Recipe: Yummy Moong dal dosa

Moong dal dosa. Moong dal dosa are best served with ginger chutney or tomato chutney or ginger pickle. But can also be served with coconut chutney or any other chutney you prefer. Tips to make crisp moong dal dosa.

Moong dal dosa I usually make Pesarattu dosa with both whole green moong dal and the split husked yellow mung lentils. The dosa made with yellow moong lentils has a texture similar to the North Indian Moong Chilla. Whereas the ones made with whole moong beans taste a bit different. You can cook Moong dal dosa using 9 ingredients and 6 steps. Here is how you achieve that.

Ingredients of Moong dal dosa

  1. It’s of To soak and grind.
  2. Prepare 1 1/2 cup of whole moong dal.
  3. It’s of Water.
  4. It’s of Salt.
  5. You need of To sauté.
  6. It’s 2 of onion finely chopped.
  7. You need 3 of green chillies finely chopped.
  8. You need 3-4 of curry leaves finely chopped.
  9. It’s 2 of stem coriander leaves finely chopped.

Moong Dal Dosa is a rich and healthy recipe which is a great combination of yellow split moong dal and rice. This recipe serves all the important things which a breakfast requires, healthy, tasty and quick meal that you can put together if you have the batter handy in the refrigerator. Did you know- Moong Dal is rich in protein, helps lower cholesterol, contains loads of vitamins and minerals. Moong Dal Dosa, also known as "cheela" or "puda, is a thin, crisp pancake made from any one of a variety of batters.

Moong dal dosa step by step

  1. Wash and soak moong dal overnight.
  2. Drain all the water. Grind it into smooth paste by adding salt and little water..
  3. Heat a pan with oil. Sauté all the ingredients under sauté section for just 2 mins..
  4. Add this to the ground batter and mix it well..
  5. Heat dosa pan. Pour the batter and spread it into round shape. Sprinkle oil.
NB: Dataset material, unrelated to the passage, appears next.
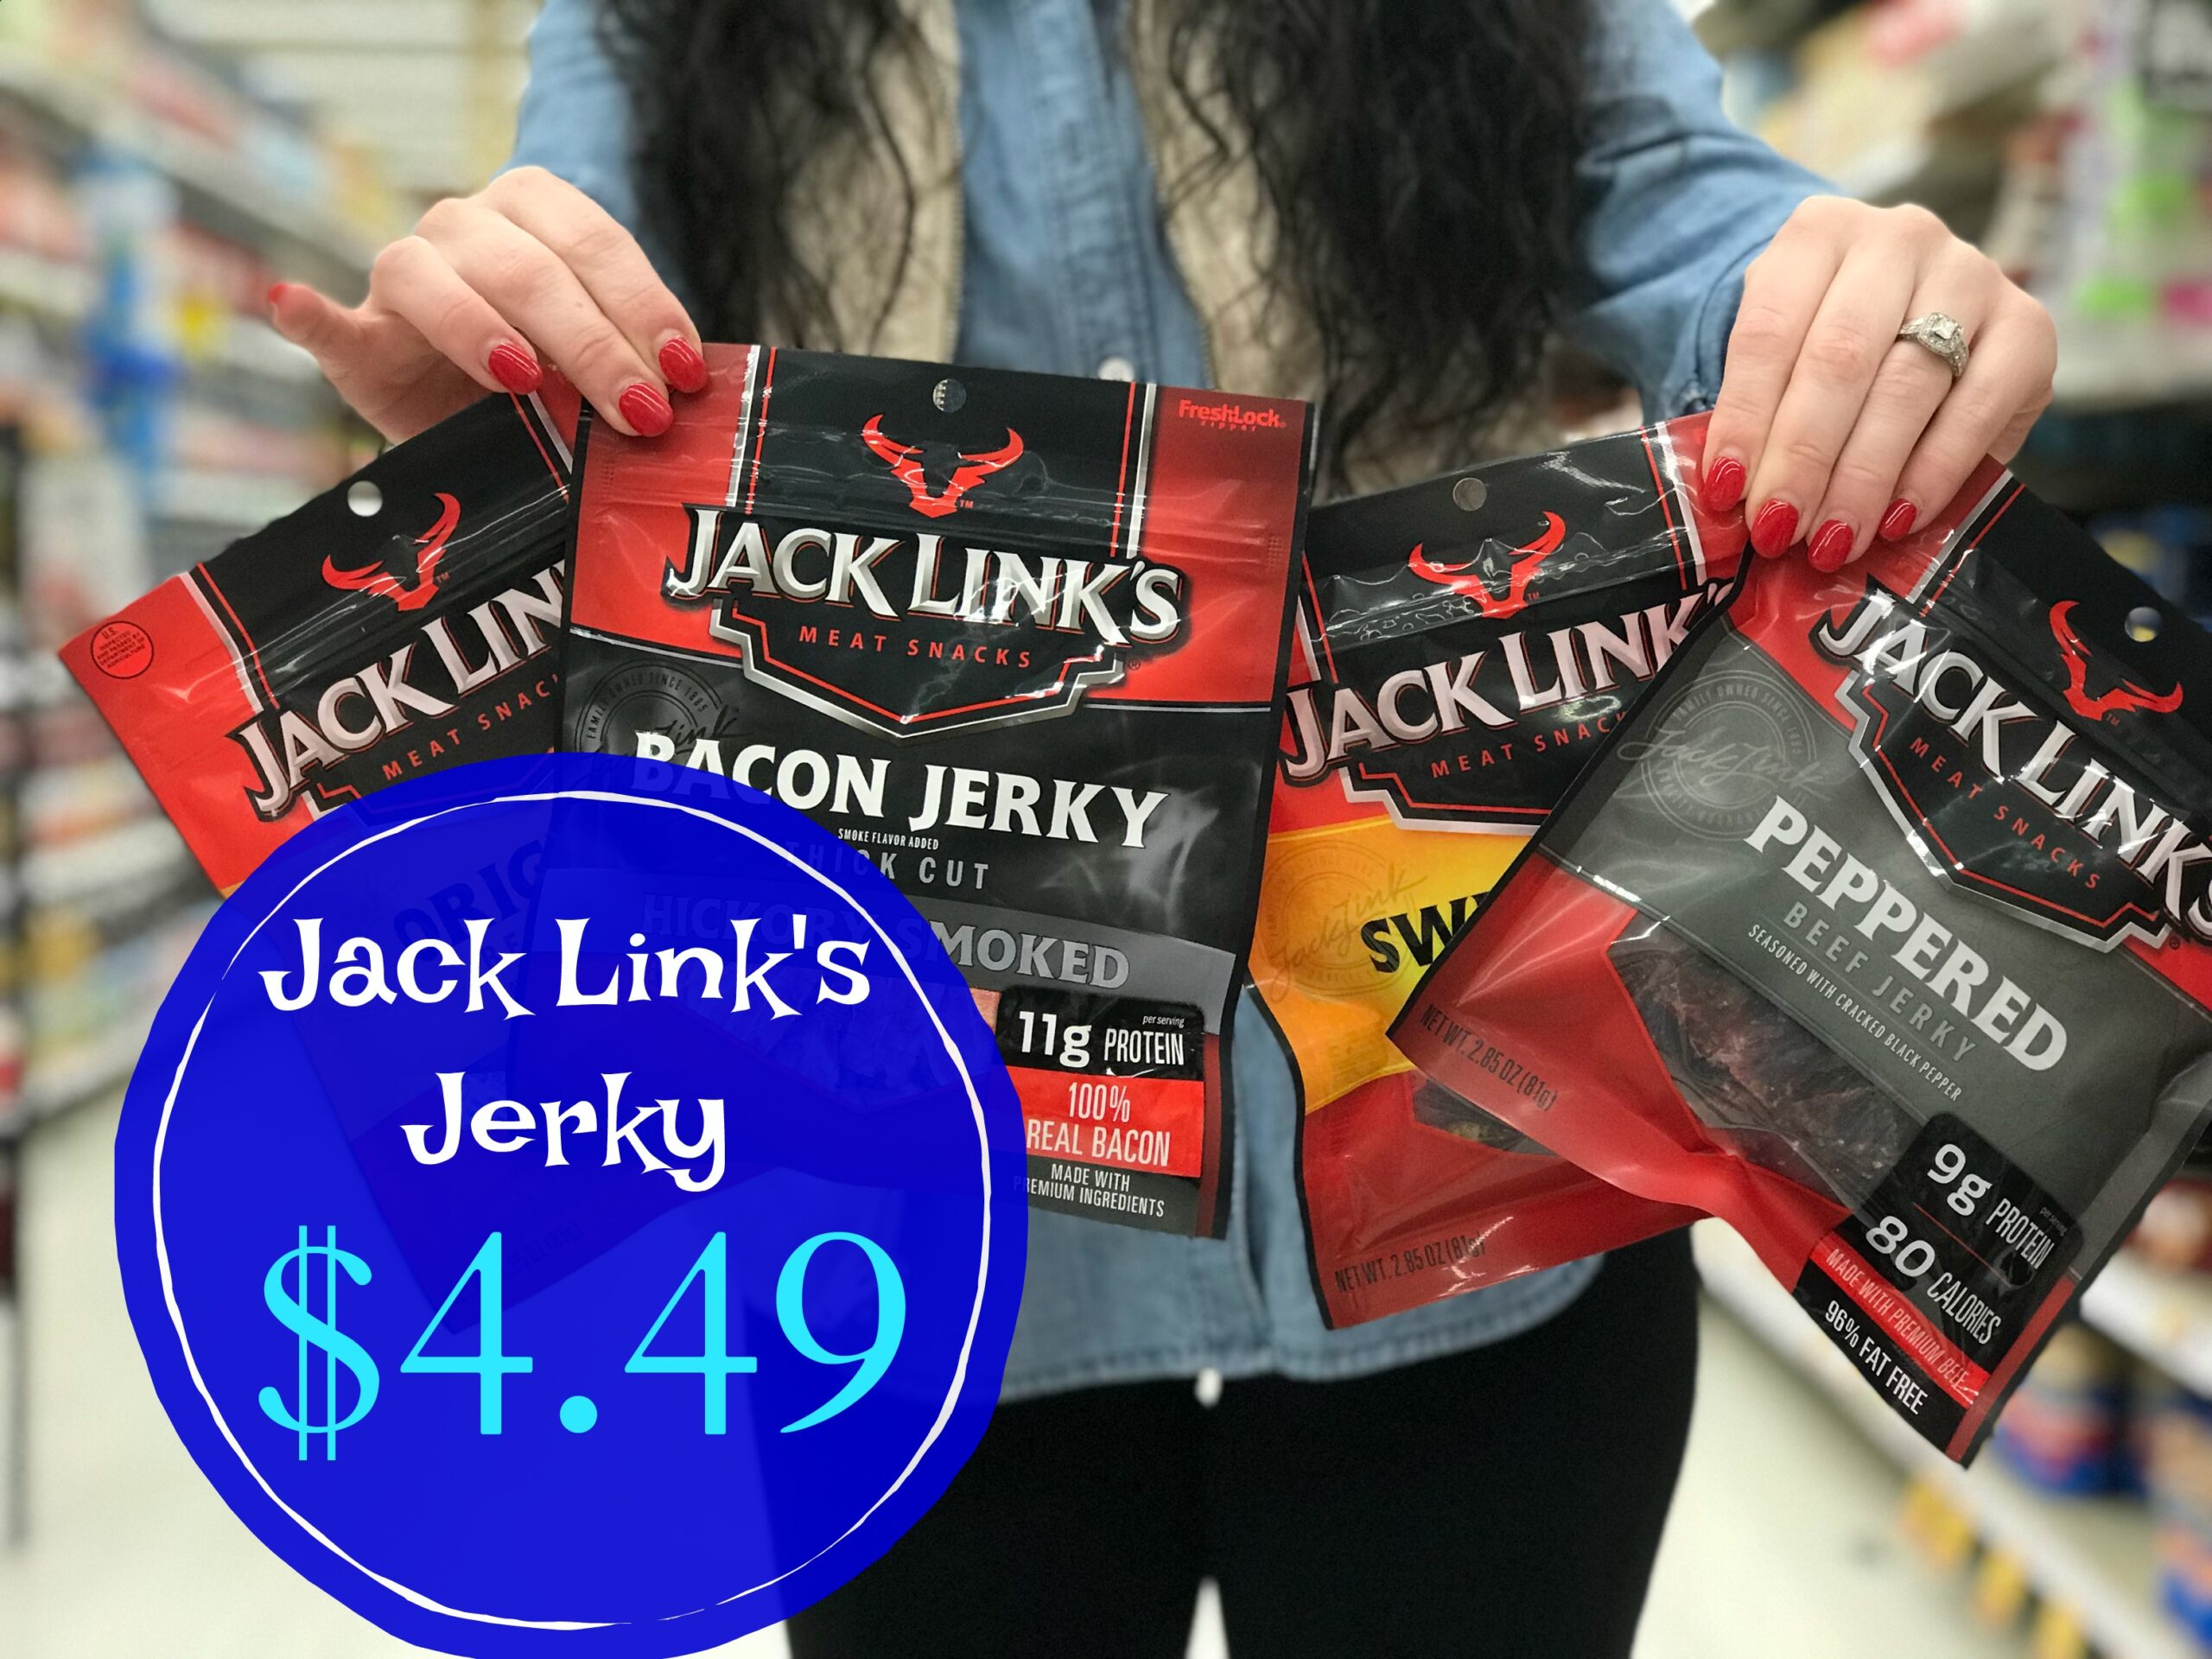 Get Jack Link's Jerky For ONLY 4.49 at Kroger! (Reg Price 6.49

Flip it and cook both sides..
  6. Serve with any chutney or it can be eaten as it is. I like to eat as it is without any chutney..

Moong dal dosa is a convenient substitute, faster and easier to prepare than the traditional dosa. Moong dal (pasi parupu) is very nutritious, needs less soaking and is easy to digest. I have used the yellow split moong dal for preparing this dosa. Moong dal dosa can be prepared in a jiffy. It is filling, saves a lot of cooking time without compromising on taste or nutrition.